Customer demand for international travel has fallen significantly. Accordingly, we plan to reduce our international capacity by an additional 5 percent from what we announced in March, for a 15 percent total reduction in international capacity. This fall's capacity reductions will target routes that have experienced losses in the current economic climate and with higher fuel prices, including:
* Suspending nonstop service from Atlanta to Seoul and Shanghai and instead routing customers for these flights over Detroit or Tokyo, or on nonstop SkyTeam partner flights.
* Suspending nonstop flights from Cincinnati to Frankfurt and London-Gatwick. Cincinnati customers will still be able to reach these and many other international destinations via our other European gateways.
* Suspending nonstop service between New York-JFK and Edinburgh.
* Reducing weekly frequencies connecting Atlanta and Detroit to Mexico City and postponing some previously planned seasonal service between non-hub cities and Mexican beach destinations due to the impact of the H1N1 virus on customers' travel plans.
In keeping with our long-term business plan, we continue to grow the global footprint that is a cornerstone of our successful strategy. While we must reduce capacity this year, our international capacity this fall will still be more than 20 percent larger than it was before our global expansion began in 2005, and we are adding more than 20 new markets to our international network in 2009, including:
* Los Angeles-Sydney
* Salt Lake City-Tokyo
* New York-Prague
By leveraging the unique strengths of our network, hub structure and alliances, we continue to provide the most travel options for our customers. Additional details of network changes are available on DeltaNet.
The additional capacity reductions mean we again must reassess staffing needs.
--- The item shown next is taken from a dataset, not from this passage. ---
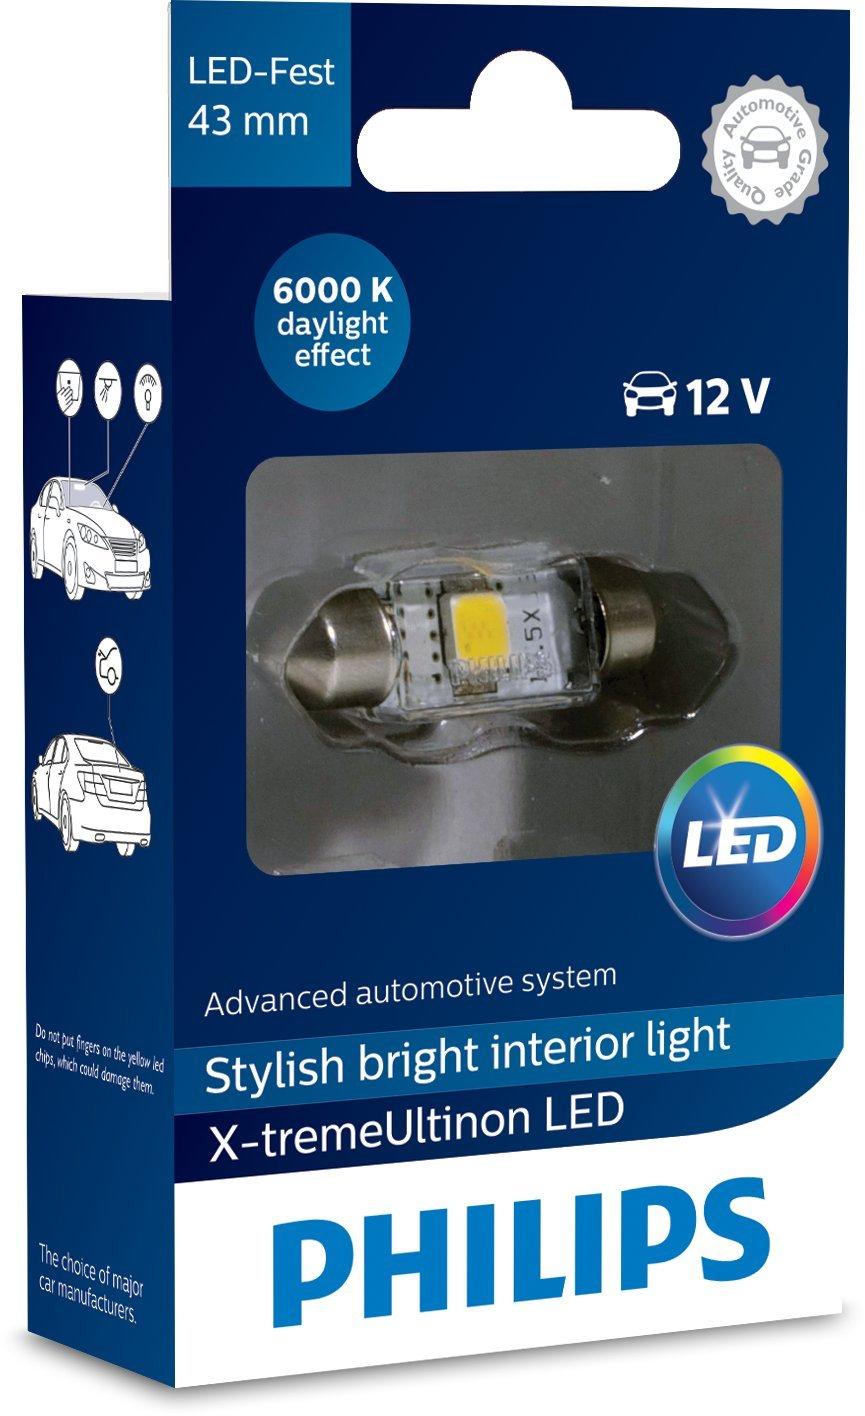 Philips 12946I60X1 X-tremeUltinon LED Luce per abitacolo C5W 43mm Festoon 6000K 12V, 1 Pezzo, Xenon White, 43 mm Lumileds Germany GmbH
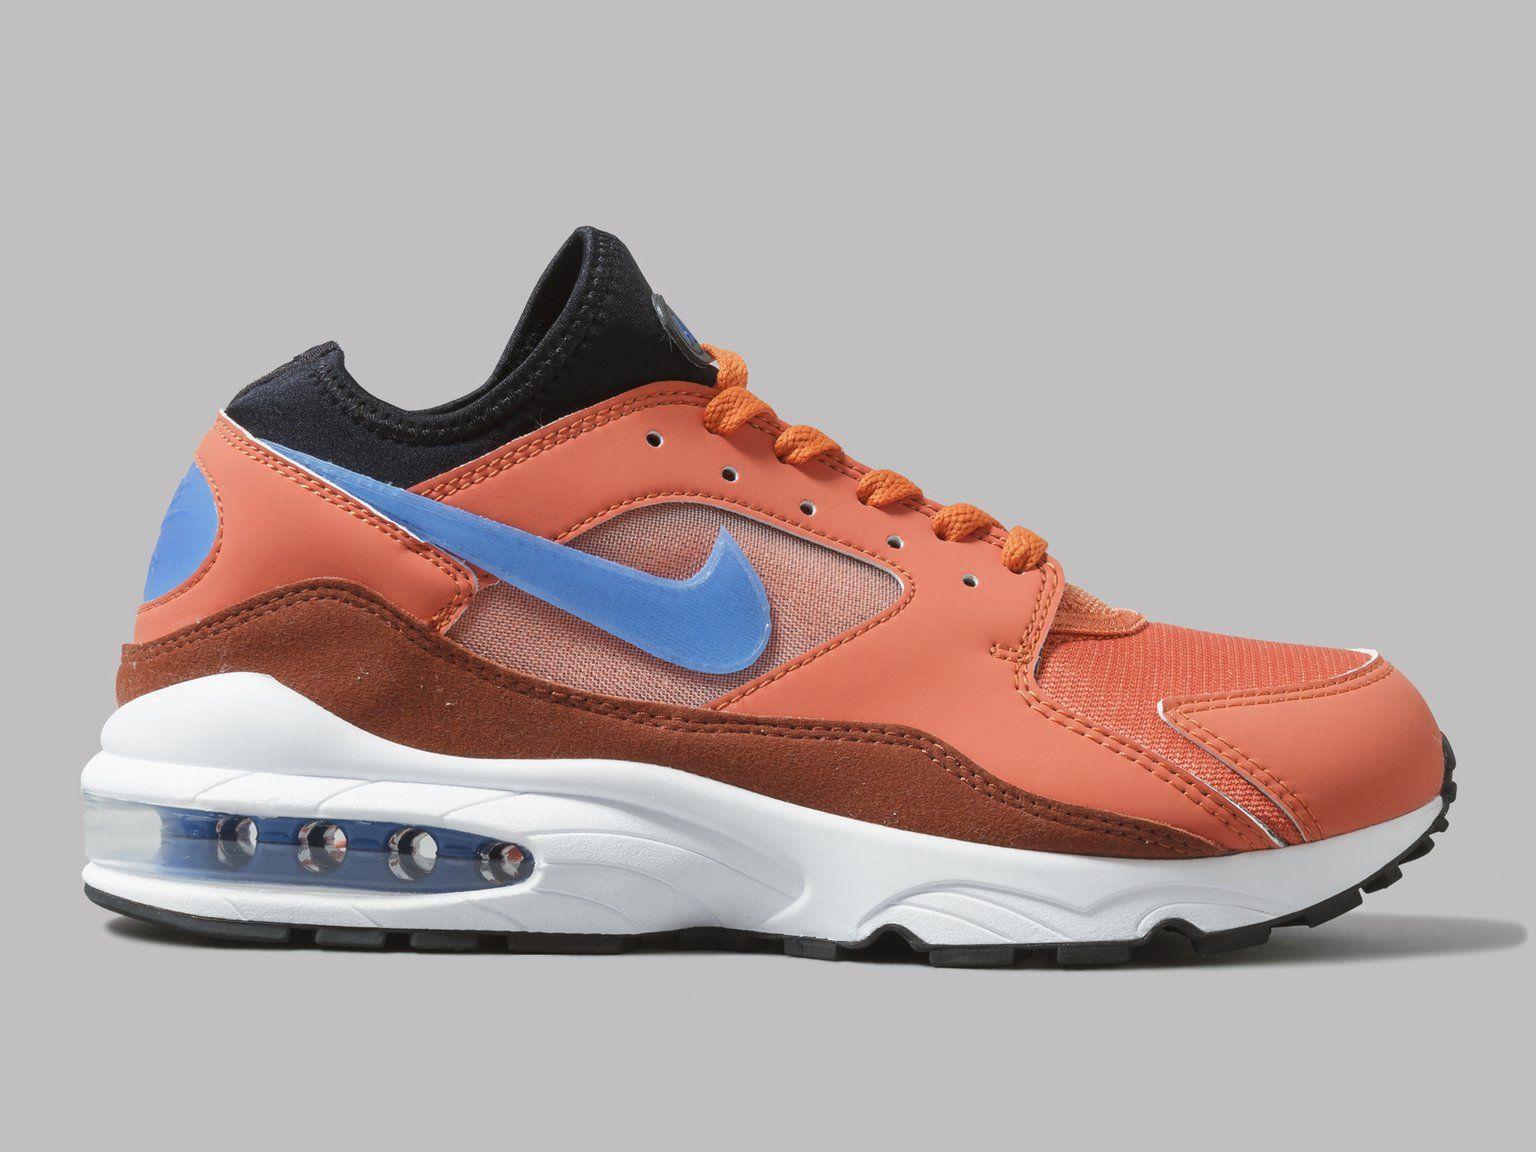 moral La base de datos Despertar  air max 93 vintage coral Cheap Nike Air Max Shoes

While the challenges of the current environment preclude us from making guarantees, our goal remains to avoid any involuntary furloughs of frontline employees.
We will not allow the economy to negatively affect our merger integration - in fact, the current environment gives additional urgency to accelerate our efforts. You will see us move more quickly to rebrand and consolidate facilities, repaint aircraft and ramp-up our frontline training activities. ..."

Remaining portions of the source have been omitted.